Final answer:
The point (-0.8, 0.5) is on the graph of the equation y = 1.5 + [x].
Step-by-step explanation:
The graph of the equation y = 1.5 + [x] represents a step function. [x] represents the greatest integer less than or equal to x. To determine if a point is on the graph of the equation, you need to substitute the value of x into the equation and check if the resulting y value matches. Let's check the options:
- (-4.5, -2.5): The greatest integer less than or equal to -4.5 is -5. Therefore, y = 1.5 + [-4.5] = 1.5 + (-5) = -3.5. The y-value does not match, so this point is not on the graph.
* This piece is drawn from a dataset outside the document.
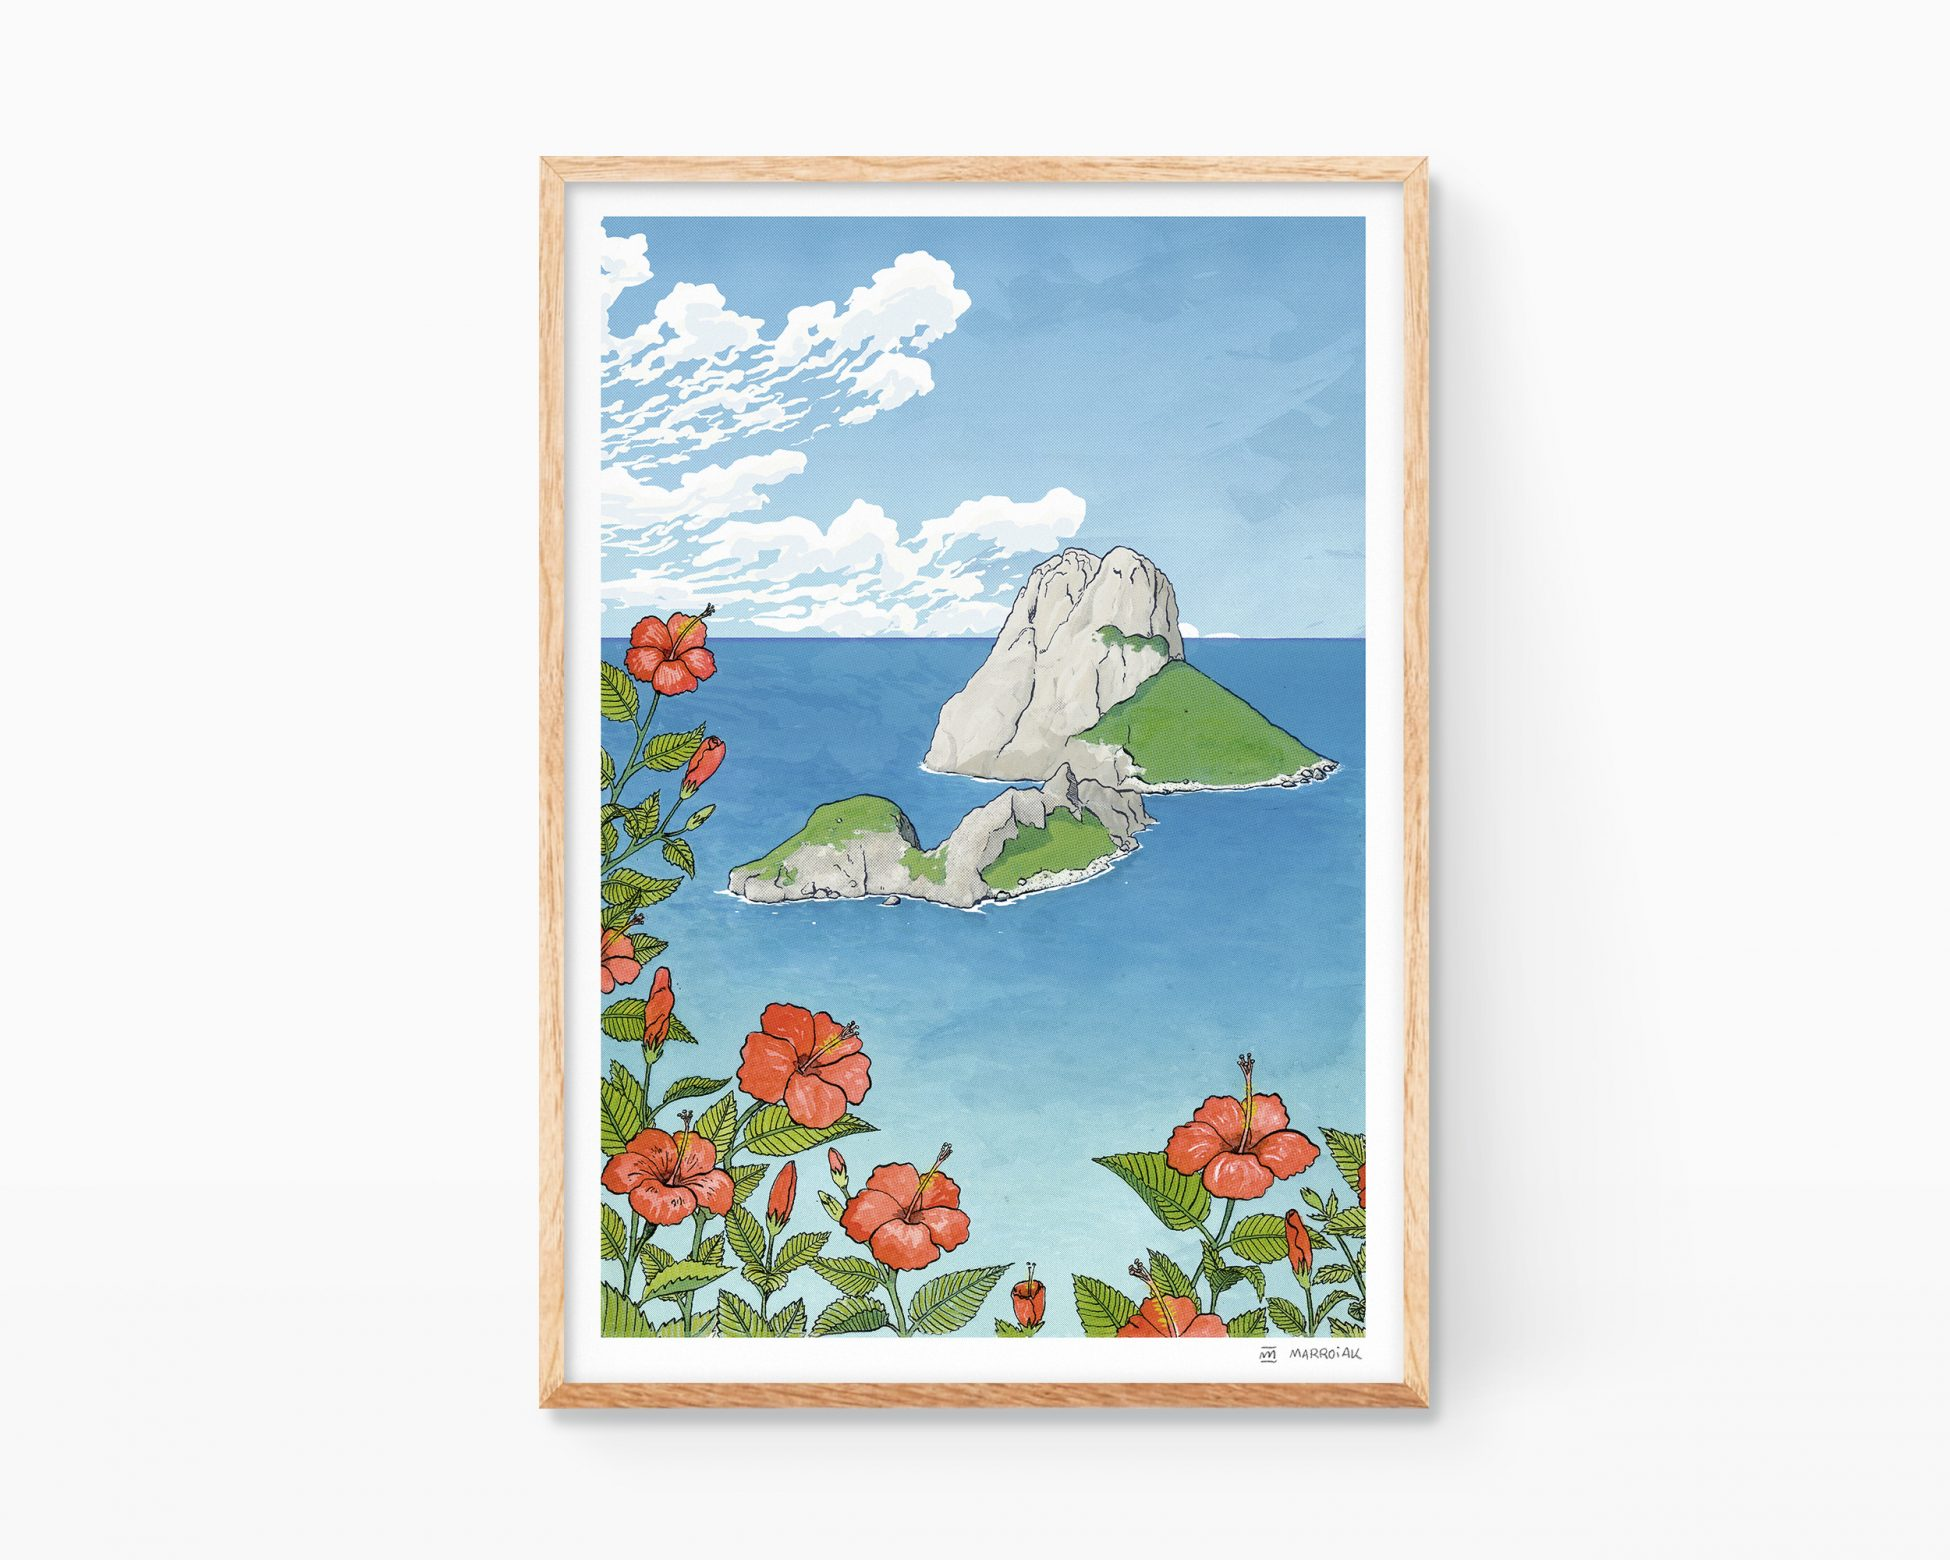 Cuadro decorativo con una ilustración en acuarela y tinta del islote de Es Vedrà i Es Vedranell en la isla Balear de Ibiza, Mediterráneo. Lámina decorativa.
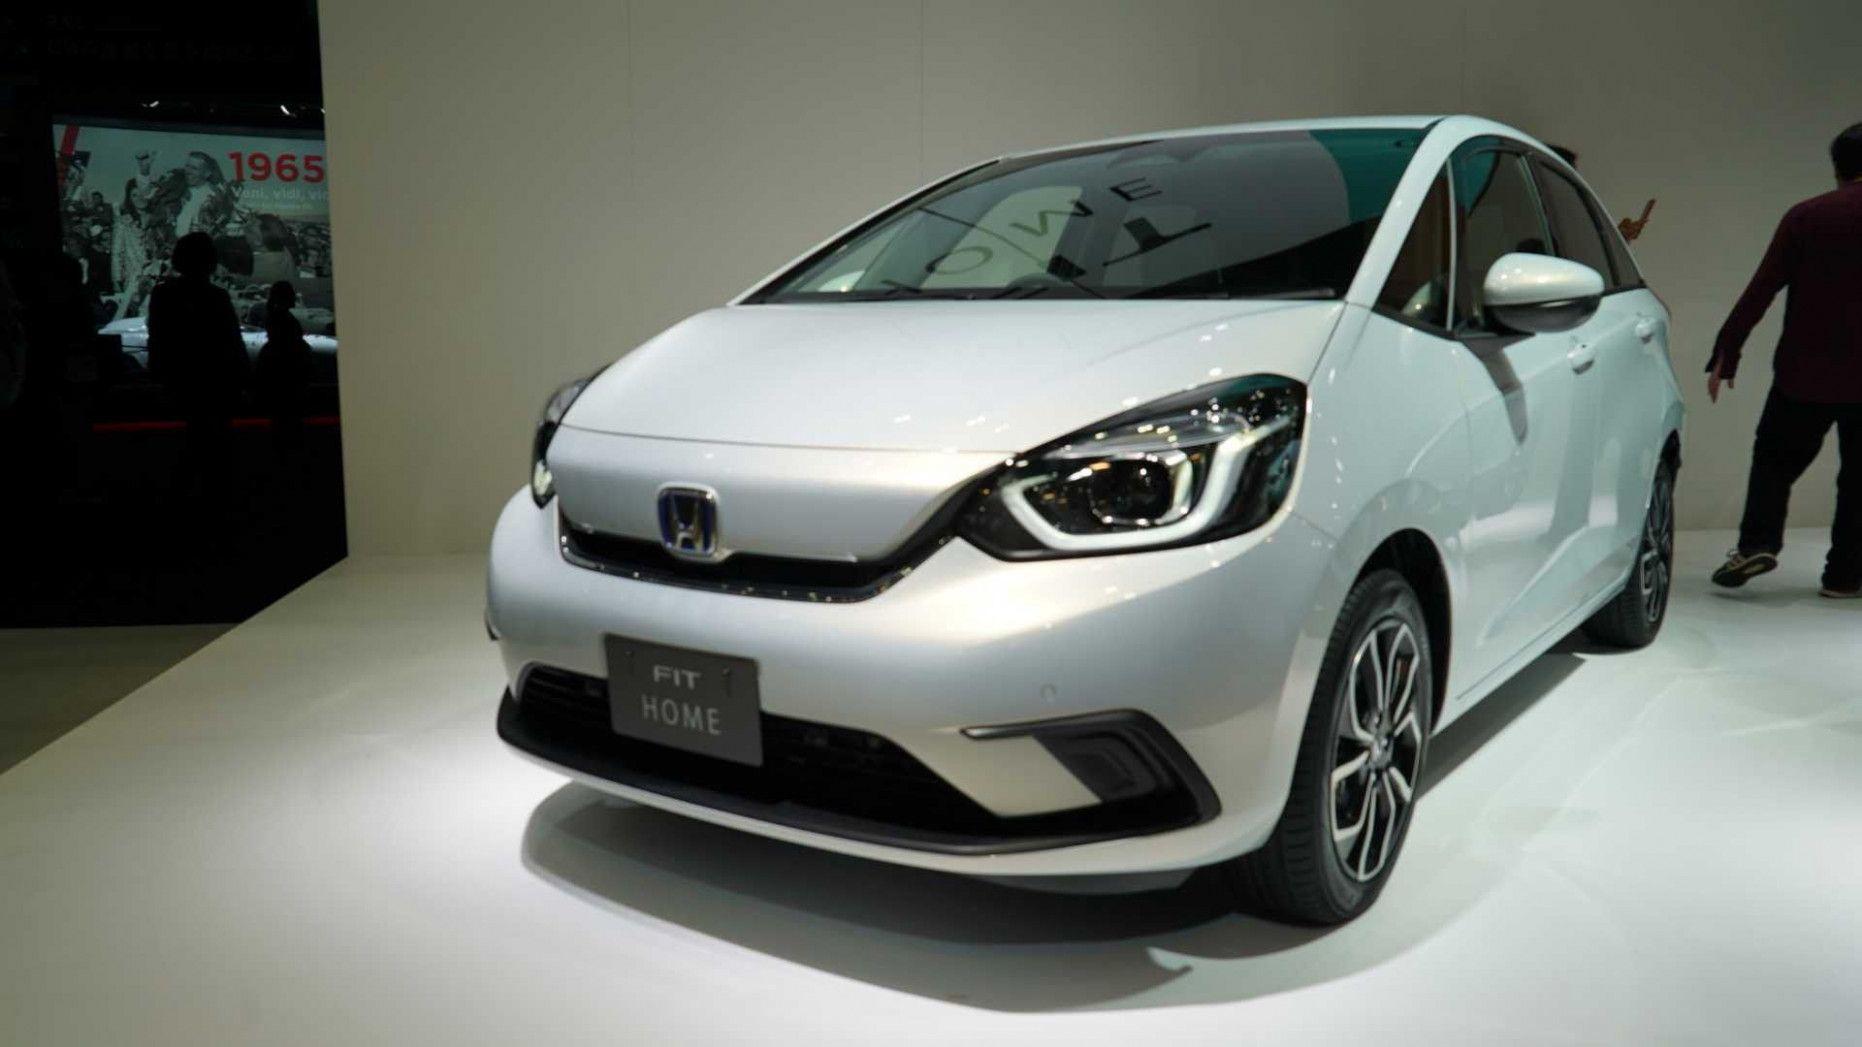 7 Picture Honda Fit 2020 in 2020 Honda jazz, Honda fit

- (-0.8, 0.5): The greatest integer less than or equal to -0.8 is -1. Therefore, y = 1.5 + [-0.8] = 1.5 + (-1) = 0.5. The y-value matches, so this point is on the graph.
- (7.9, 9.5): The greatest integer less than or equal to 7.9 is 7. Therefore, y = 1.5 + [7.9] = 1.5 + 7 = 8.5. The y-value does not match, so this point is not on the graph.
- (4.5, 6): The greatest integer less than or equal to 4.5 is 4. Therefore, y = 1.5 + [4.5] = 1.5 + 4 = 5.5. The y-value does not match, so this point is not on the graph.
- (1.3, 3.5): The greatest integer less than or equal to 1.3 is 1. Therefore, y = 1.5 + [1.3] = 1.5 + 1 = 2.5. The y-value does not match, so this point is not on the graph.
Therefore, the points (-0.8, 0.5) is on the graph of the equation y = 1.5 + [x].